これからも世界に冠たるポジションを維持していくかに見えるブラジル農業だが、大きな問題を一つ抱えている。それは「物流」だ。

水路、陸路(道路及び鉄道)がそれぞれ整備されているアメリカやアルゼンチンに比して、ブラジルでは異常に高い物流コストが生じており、これが将来的にブラジル農業の首を締める可能性がある。もちろんブラジルの物流は今も大きな問題だが、これからは更に影響が深刻になるという意味だ。
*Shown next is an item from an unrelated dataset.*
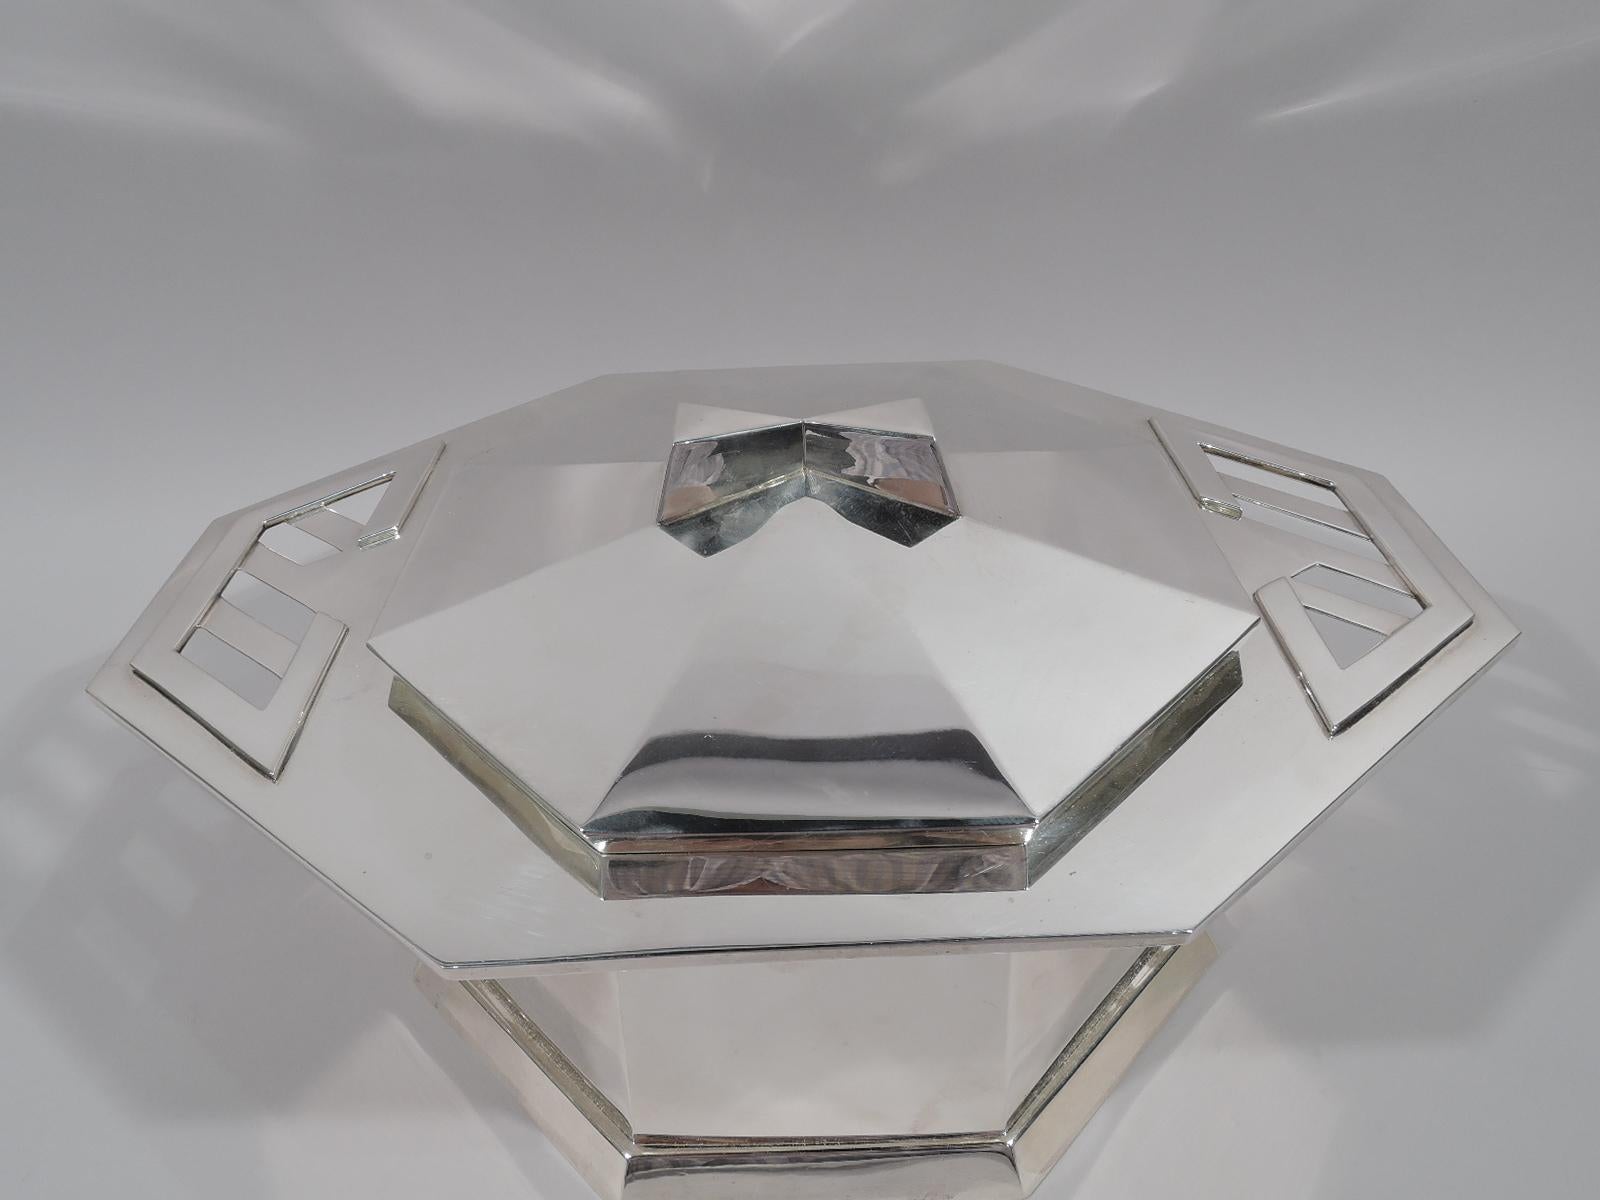 Art Deco sterling silver covered tureen after design by Frank Lloyd Wright. Retailed by Tiffany & Co. in New York. Octagonal bowl and wide and overhanging rim with applied and cutout Modern fretwork handles. Spread base. Raised cover with soft

このブラジル物流事情について、昨今の総合商社の取り組みも交えながら見ていきたい。

【目次】

  1. ブラジル穀物物流の病巣
  2. 総合商社の取り組みからも見える「ブラジル北部」の重要性
  3. 今後拡大が期待される北部ルートとは

1. ブラジル穀物物流の病巣

ブラジルの農業は南部から始まり、北部に伝播していく形で広がっていった。今ではブラジルの中で最大の大豆・トウモロコシ・絹の生産地であるマット・グロッソ州も、過去はアマゾンの一部であり、農業に全く適さない強酸性土壌であった。そんな土地に、日本の田中角栄元首相がODA供与と人材投入を行い開拓されたという歴史を持つ。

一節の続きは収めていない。